Атлантический океан под нами вздувался, притапливал мели, вода теряла зелень, синела — шел прилив.
— Скоро ты будешь дома, — сказала Ефимовна. — Может, успеете к Новому году?
— Вряд ли успеем.
— Двуличный ты человек, — сказала Ефимовна. — И я двуличная. В море хочешь на берег. На берегу хочешь скорее в море.
— Становишься философом, — сказал я. — Повторяешь старые истины. Все мы амфибии.
Несколько недель назад я думал об этом на противоположном берегу Атлантики, на горе Эль-Серро в Уругвае, возле старинной пушки, колеса которой погрузились в землю, лафет растрескался, а на дульном срезе росла ромашка.
Я стоял над таким же обрывом. Внизу канал Интермедио и проход Банко-Чико вели к Буэнос-Айресу кораблики величиной с муху. Кораблики-мухи оставляли за собой медленно расходящиеся веера кильватерного следа. Была тишина. Штиль. Ясное, четкое, но не палящее солнце. Пальмы кивали на величие океанских пространств равнодушно, привычно. Бараны, белые, кудрявые, как бороды древнегреческих философов, бродили вокруг по скалам. С ними вместе карабкались по скалам белые лошади. Белое живое — среди океанской сини и красных цветов незнакомых кустарников. И надо всем — маяк на вершине Эль-Серро.

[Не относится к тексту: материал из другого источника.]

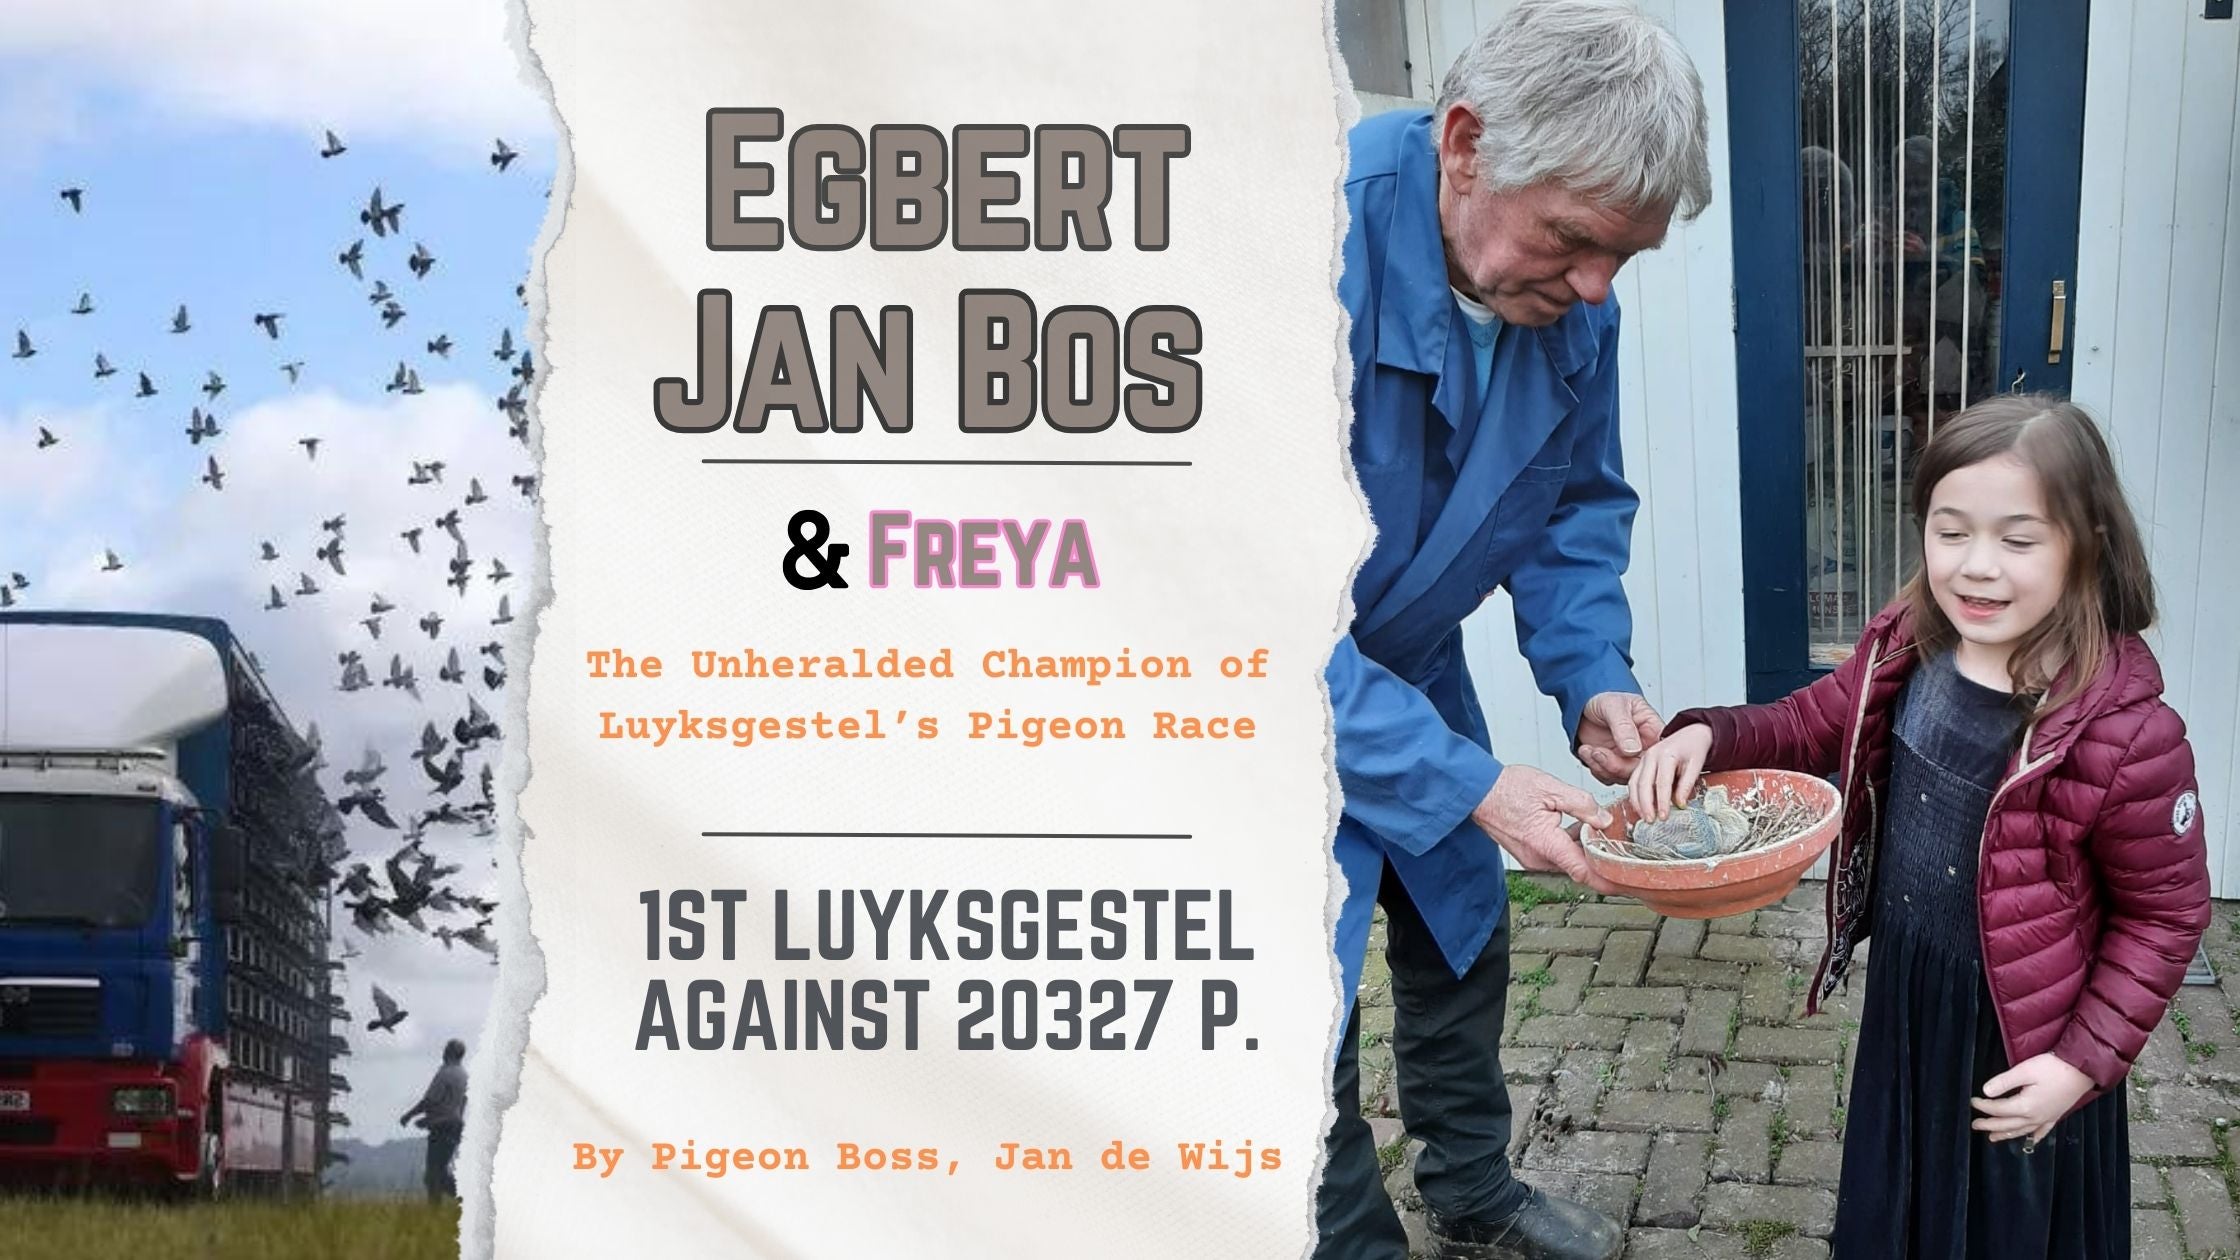 Egbert Jan Bos: The Unheralded Champion of Luyksgestel’s Pigeon Race

Белые лошади на уругвайских скалах, белый скелет кита на желтом берегу Анголы, из белого камня кресты на черных берегах Исландии, белые молчаливые фрегаты возле Огненной Земли…
Проходят строки волн По летописи века…Я давно свыкся с мыслью, что мы в некотором смысле ведем двойной образ жизни и являемся не более сухопутными, чем морские существа. Это мысль Страбона. Ее надо понимать так же широко, как слова Эйнштейна: «Все начинается со звезд».
Если не будете специально следить за признаками амфибийности вокруг, не заметите их. И тогда мои рассуждения покажутся домыслами мариниста. Но попробуйте искать океан вокруг себя — и найдете даже в Омске. Конечно, искать надо тщательно. Как средней известности писатель ищет в печати свою фамилию.
— Викторыч, у меня к тебе просьба… — тихонько сказала Ефимовна и даже как-то засмущалась.
— Давай.
— Напиши про Степаныча рассказ, а? Как он всю жизнь долги отдавал, а?
— Честно: роман у тебя со Степанычем был?